Solo un dito dentro di lei
di
Whatwecant
genere
etero
Solo un dito dentro di lei. Solo quello al massimo, un confine varcato, arrivo lì, è già sbagliato, ma lo devo fare.
Una cosa imprevista, una cosa nell’aria, da mesi, settimane, ad un certo punto è cambiato, uno switch nella testa, lo sapevo, non sapevo se lei lo sapeva, come fai a capirlo, come capisci se lei ha poco più di vent’anni, tu quasi il doppio, certo che vi siete intesi, capiti, divertiti, ma lì era lavoro.
Il dito si avvicina, indeciso se da solo o con un altro, gentilezza o un po' più forza, non dovrei, ma lei è lì, non si è offerta a me, sa che è sbagliato ma il suo corpo le dice altro, le dice che è disposta a offrirsi. Che vuole offrirsi.

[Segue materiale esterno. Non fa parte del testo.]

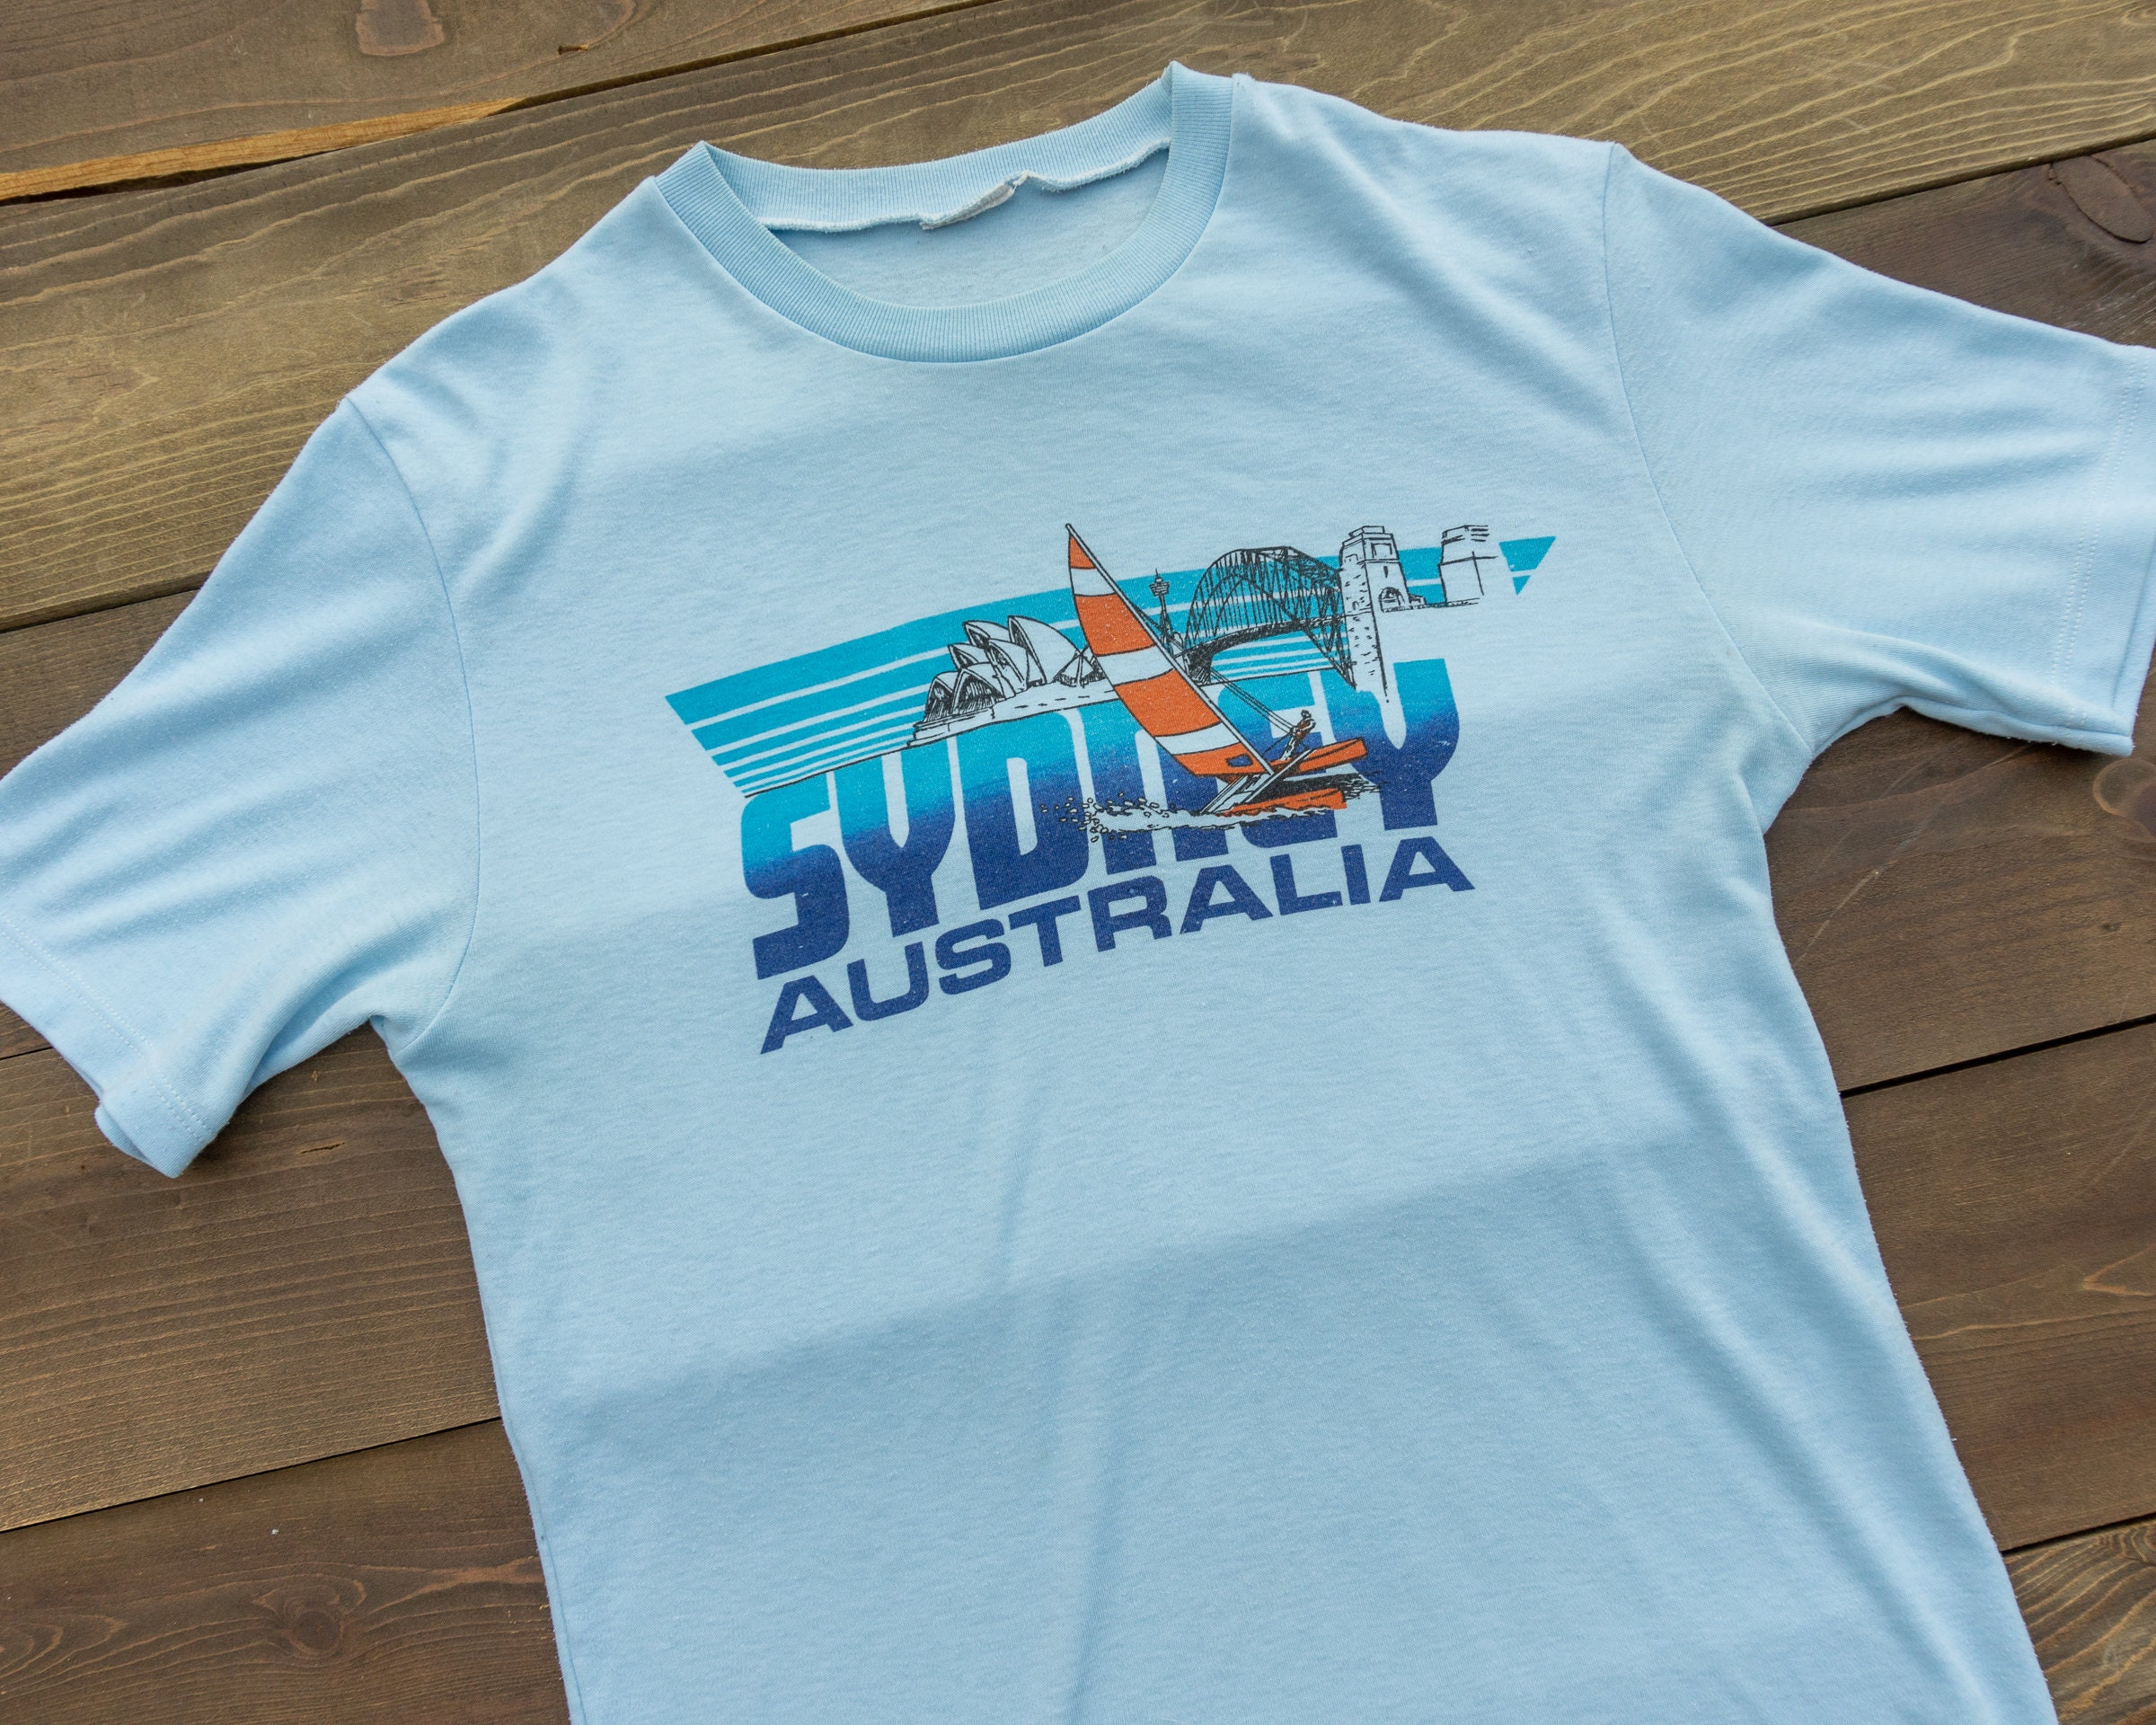 80s Tops, Shirts, T-shirts, Blouse   90s T-shirts 80S Australia Souvenir Tourist T-Shirt Paper Thin $30.00 AT vintagedancer.com

Poche ore prima un aperitivo con altri, un saluto di fine affiancamento, solo che lei così era diversa, il fisico alto, un top a fascia senza reggiseno, un jeans alto, l’ombelico scoperto e un piccolo piercing.
Poi due chiacchere in un locale, la sera era libera, non c’era la famiglia, lei non aveva famiglia, troppo presto, libera e serena o tormentata come sei tormentata a vent’anni, dove sai che però il mondo ti si sta aprendo.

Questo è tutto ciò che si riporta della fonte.